Start of Block

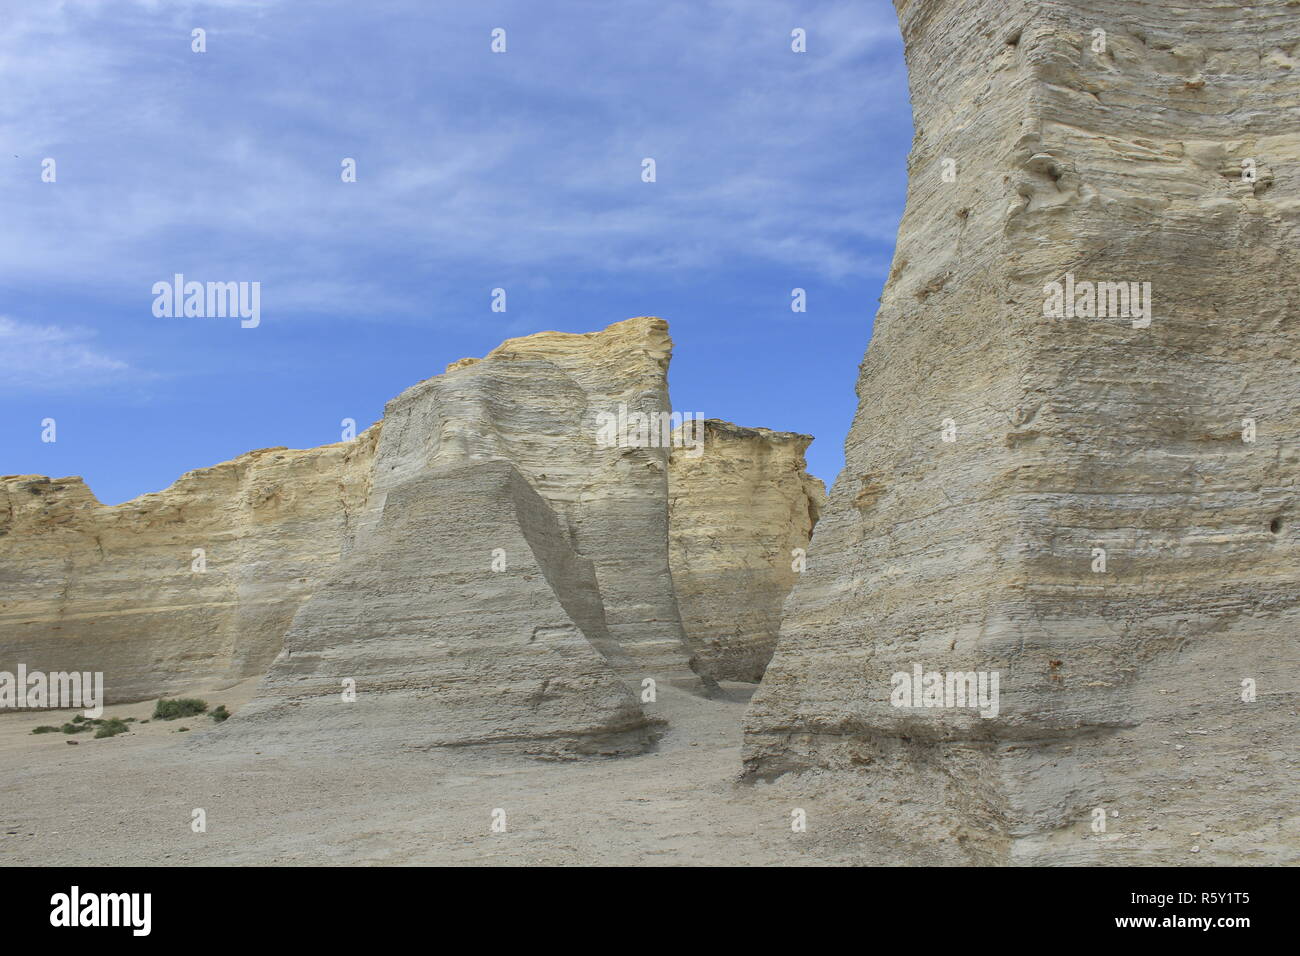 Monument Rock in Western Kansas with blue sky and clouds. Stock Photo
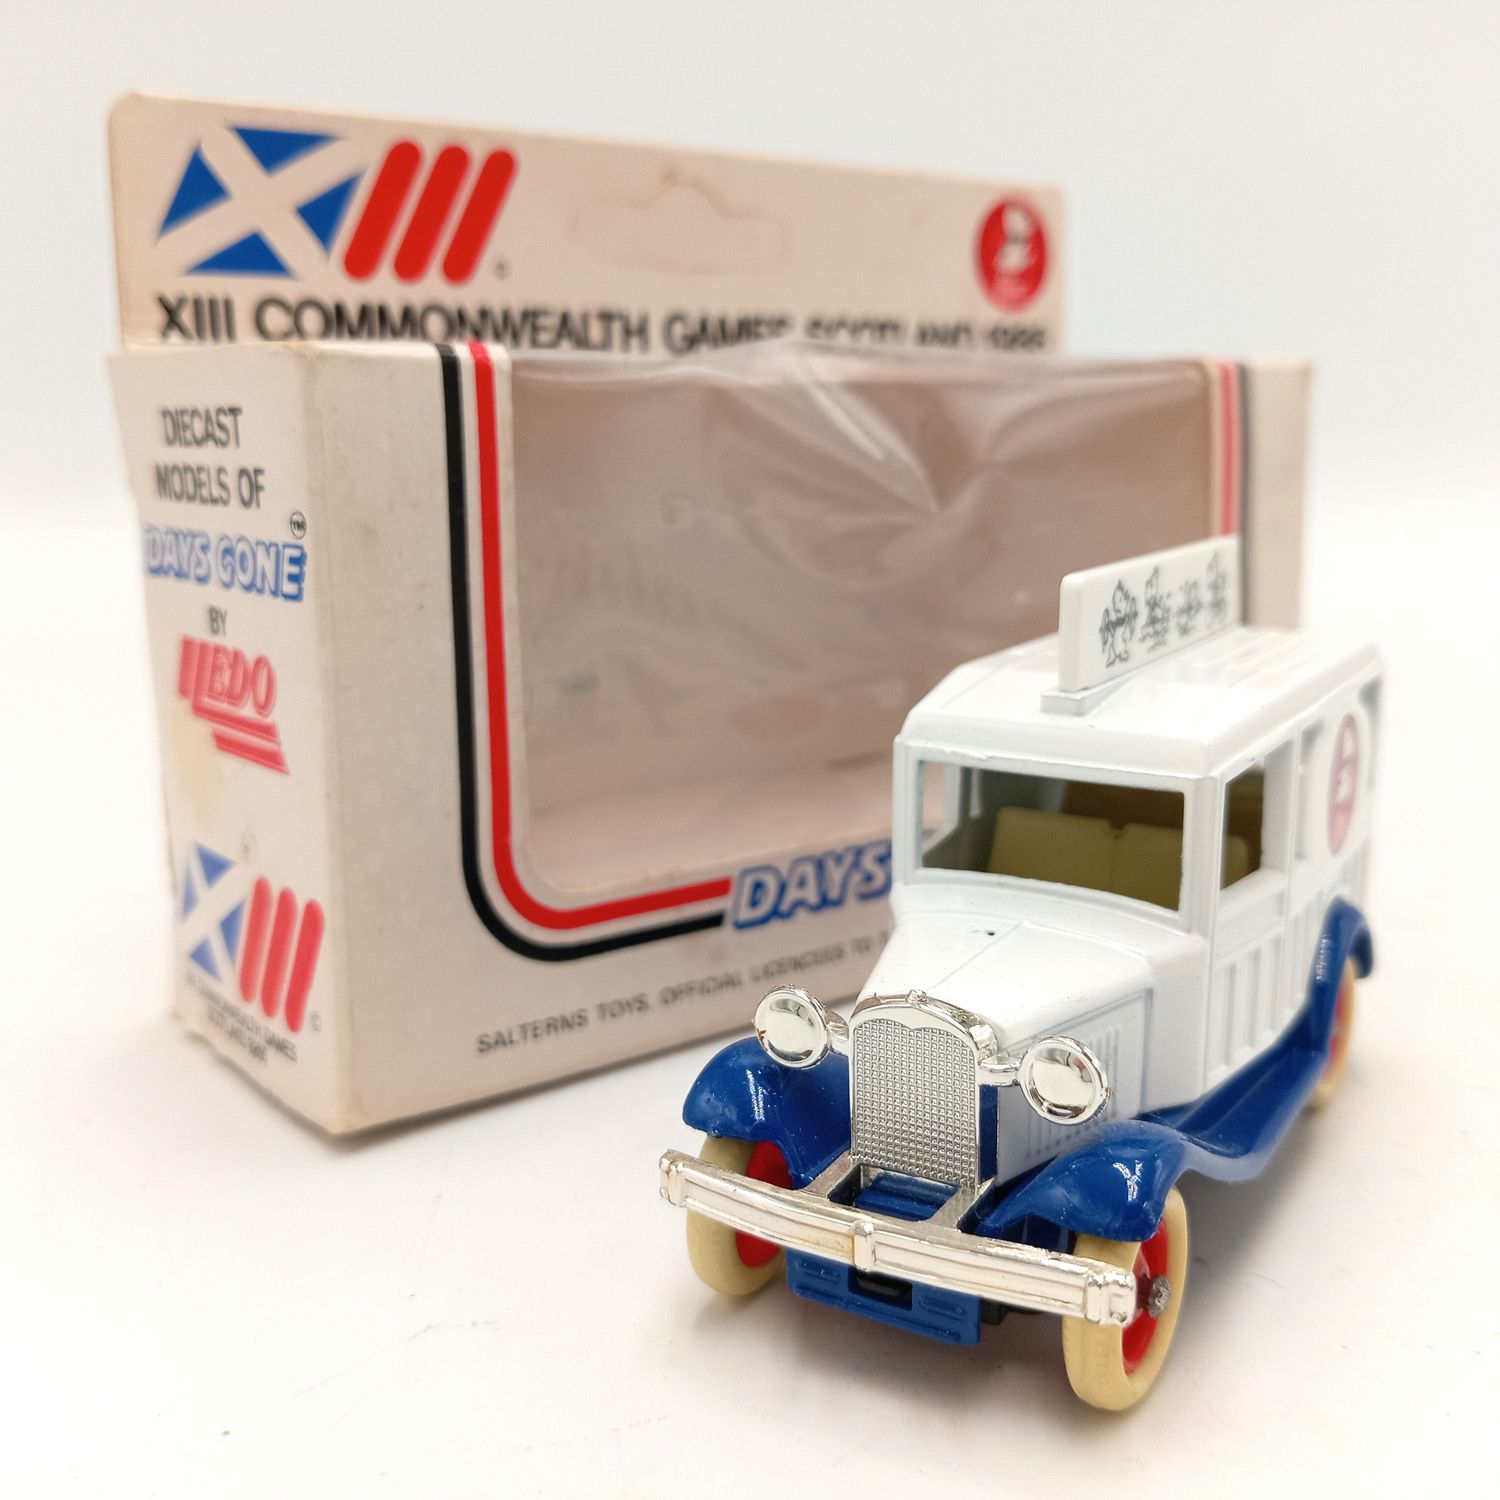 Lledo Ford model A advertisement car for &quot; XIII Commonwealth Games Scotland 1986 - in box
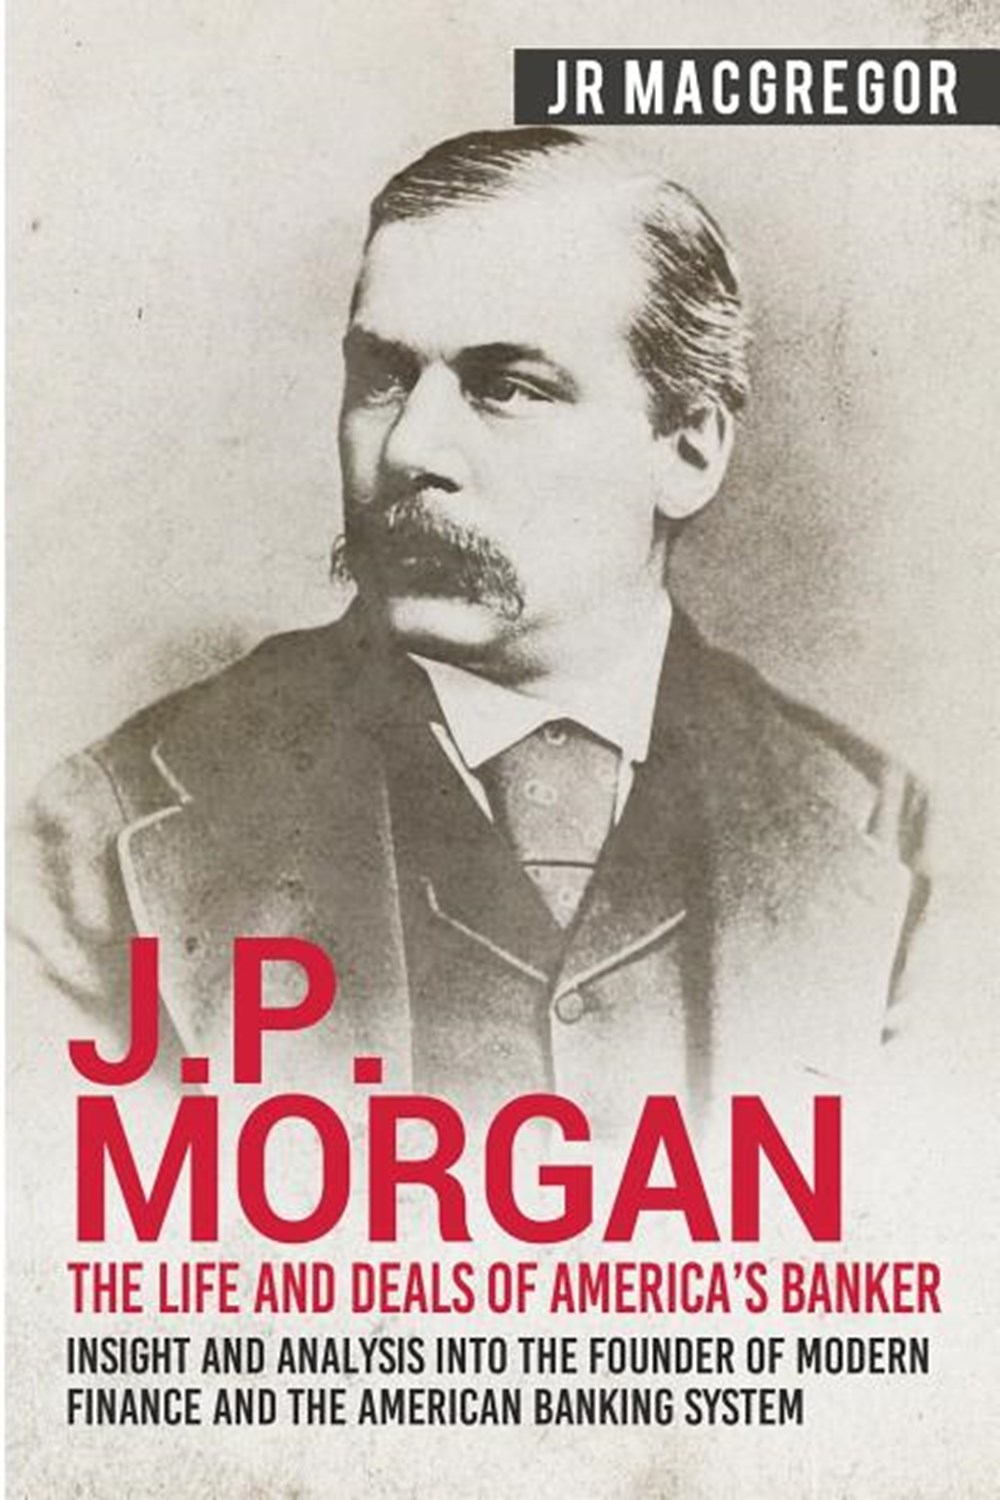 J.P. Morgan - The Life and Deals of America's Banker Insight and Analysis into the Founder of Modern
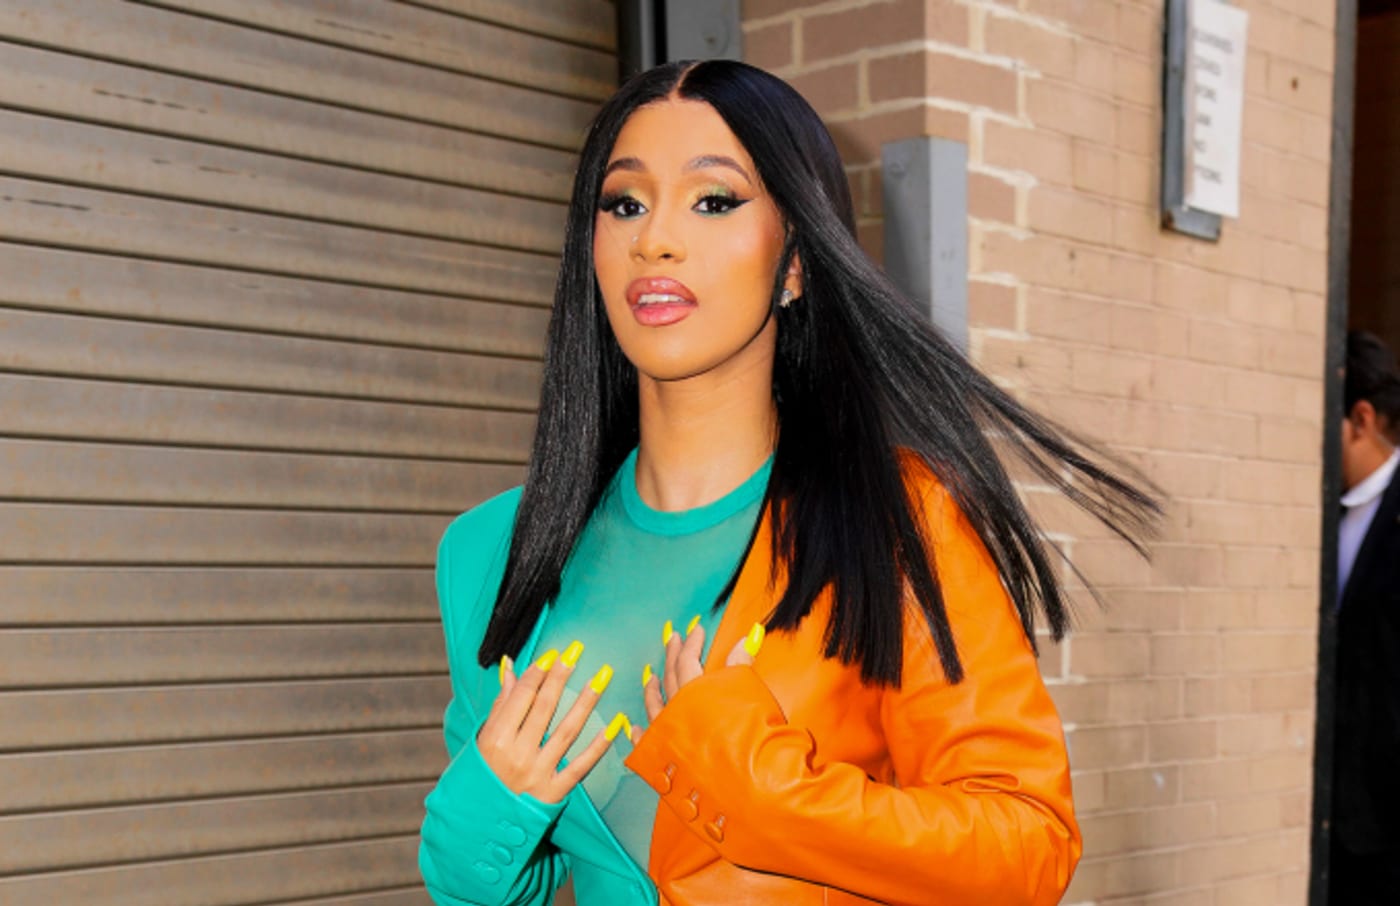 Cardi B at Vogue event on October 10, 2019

End of Block

Action item:
Reproduce the data word for word; no pictures.

Task solution:
 Monument Rock in Western Kansas with blue sky and clouds. Stock Photo
 Lledo Ford model A advertisement car for &quot; XIII Commonwealth Games Scotland 1986 - in box
 J.P. Morgan - The Life and Deals of America's Banker Insight and Analysis into the Founder of Modern
 Cardi B at Vogue event on October 10, 2019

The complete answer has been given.